Historians of greater standing, like the late Arthur Schlesinger Jr., pointed to the moon landing as the greatest event of the 20th century. It happens also to have been JFK’s greatest success. Schlesinger is right and the standards are wrong. Yet none of the drama of the race to the moon is captured in textbooks today. Students are more likely to know about the failed Apollo XIII mission from the truly excellent Hollywood movie than they are to know that Astronaut Jim Lovell was also on the very successful Apollo 8 mission of 1968. President Johnson, alerted that the Soviets might try a loop-around the Moon and claim to have beaten us, ordered Frank Borman, Jim Lovell, and Bill Anders to make the hazardous journey. NASA told the astronaut wives their husbands’ chances of a safe return were only 50-50. Our astronauts circled the moon that year and read from the Book of Genesis on Christmas Eve! The Soviets had bragged that their earlier victories in space proved that atheist Marxism was true. Isn’t John F. Kennedy’s legacy worth a more dramatic and compelling treatment than students are given today?

At least when a textbook is one-sided, however, it could give a student something to argue about; but boredom in our curriculum promises only the death of the subject matter as well as any interest in it. What a shame that great men and women like George Washington, Abigail Adams, Thomas Jefferson, Abraham Lincoln, Frederick Douglass, Theodore Roosevelt, Franklin Roosevelt, Amelia Earhart, Jesse Owens, Martin Luther King Jr, and so many others should be consigned to brief mentions only, and then to the sighs of uninterested study. Their stories are just not told.

The textbooks are not the only indicators of the growing national amnesia that begins in childhood. Almost every young citizen’s first introduction to George Washington is a boring, snaffle-mouthed picture on our main currency, the dollar bill. Is this the appropriate depiction of the man once known as the “the fiercest chieftain in the forest?” Who would know he was in his early forties during the Revolution he led, and not guess that he was destined for a convalescent home?

Who knows that America’s war against Islamist terror did not begin on September 11, 2001, but that Thomas Jefferson fought our first war on terror, against Muslim slave traders in North Africa who had enslaved some 1.25 million Europeans some 200 years earlier? Children are not taught this.

Not so long ago, we knew our history as the inscription atop the National Archives in Washington declaring what is contained beneath: “The Glory and Romance of Our History.” How to preserve, how to recapture and re-teach, that glory and romance when over one-third of our eighth graders and over fifty percent of our twelfth graders perform below even “a partial mastery of the knowledge and skills that are fundamental for proficient work” at their given grades according to the Nation’s Report Card in History?

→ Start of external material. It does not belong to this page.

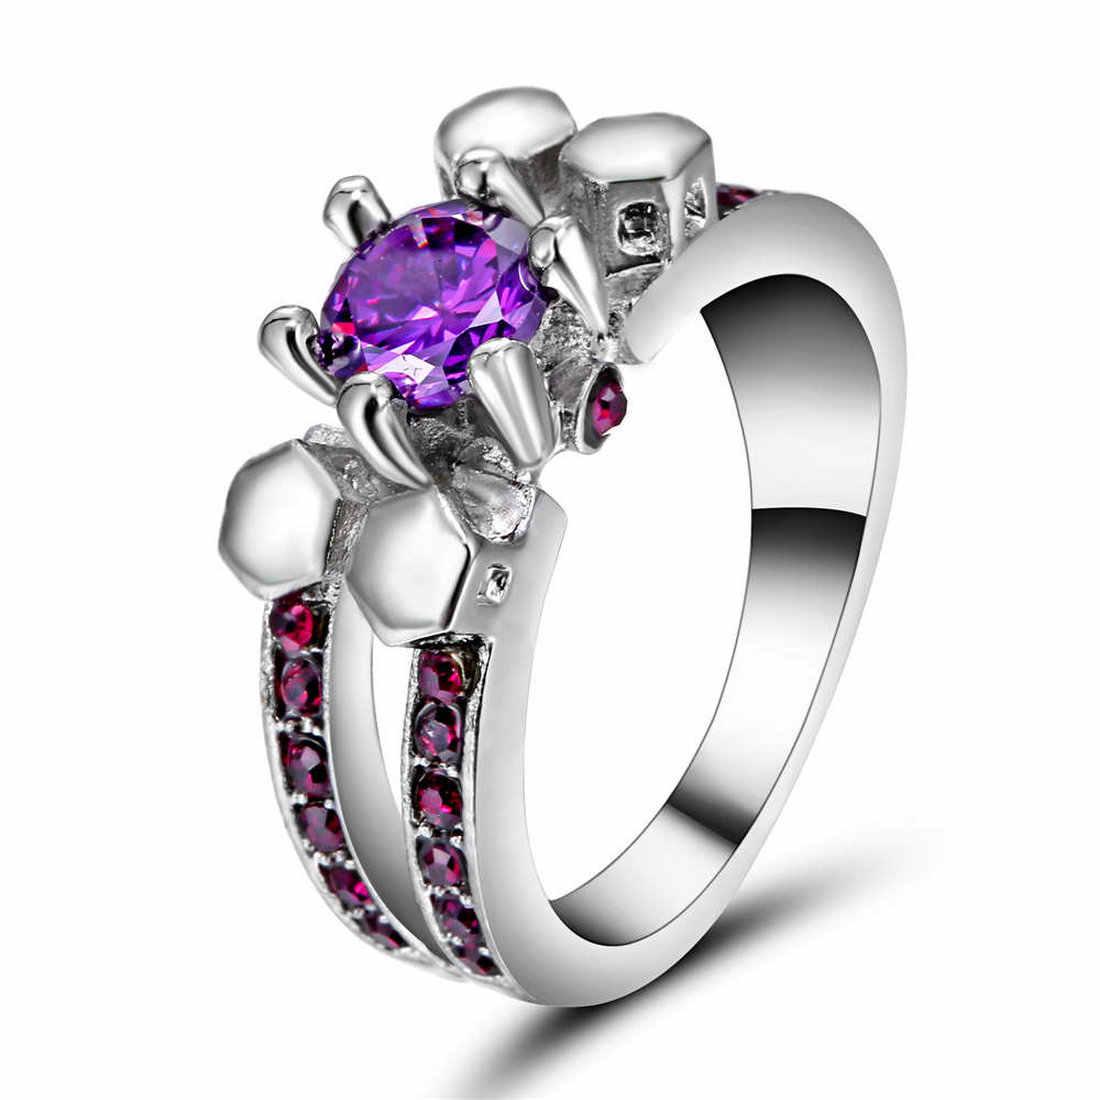 ใหม่แฟชั่นผู้หญิงแหวนคริสตัลสีม่วง Black Gold Gold Filled สี Zircon คริสตัลหมั้นแหวนขนาด 7

Let us call for a renewal. Begin with the texts. Let us have a national contest sponsored by the National Endowment for the Humanities or the Department of Education for better history textbooks, and grant the winners emoluments and recognition. Judges should be award-winning teachers, tour guides, National Park Rangers, and parents — all of whom are known to love their subject. There really is no good reason for a dulled down history. As McCullough put it, to take what was once “a source of infinite pleasure” and make it “boring,” “is a crime.”

While speaking of money, let us start with a child’s first introduction to George Washington — the dollar bill. We should replace the picture of him now, which represents nothing and nobody anyone would want to study, much less respect, with an engraving based on Jean-Antoine Houdon’s magnificent 1785 sculpture of Washington. It is the most accurate depiction of Washington in life that we have, depicting a virile man at the height of his physical and mental powers. In this sculpture Washington is the man old men respected and young men wanted to ride with. He is also the gallant hero all the young ladies wanted to dance with. But he is more, much more.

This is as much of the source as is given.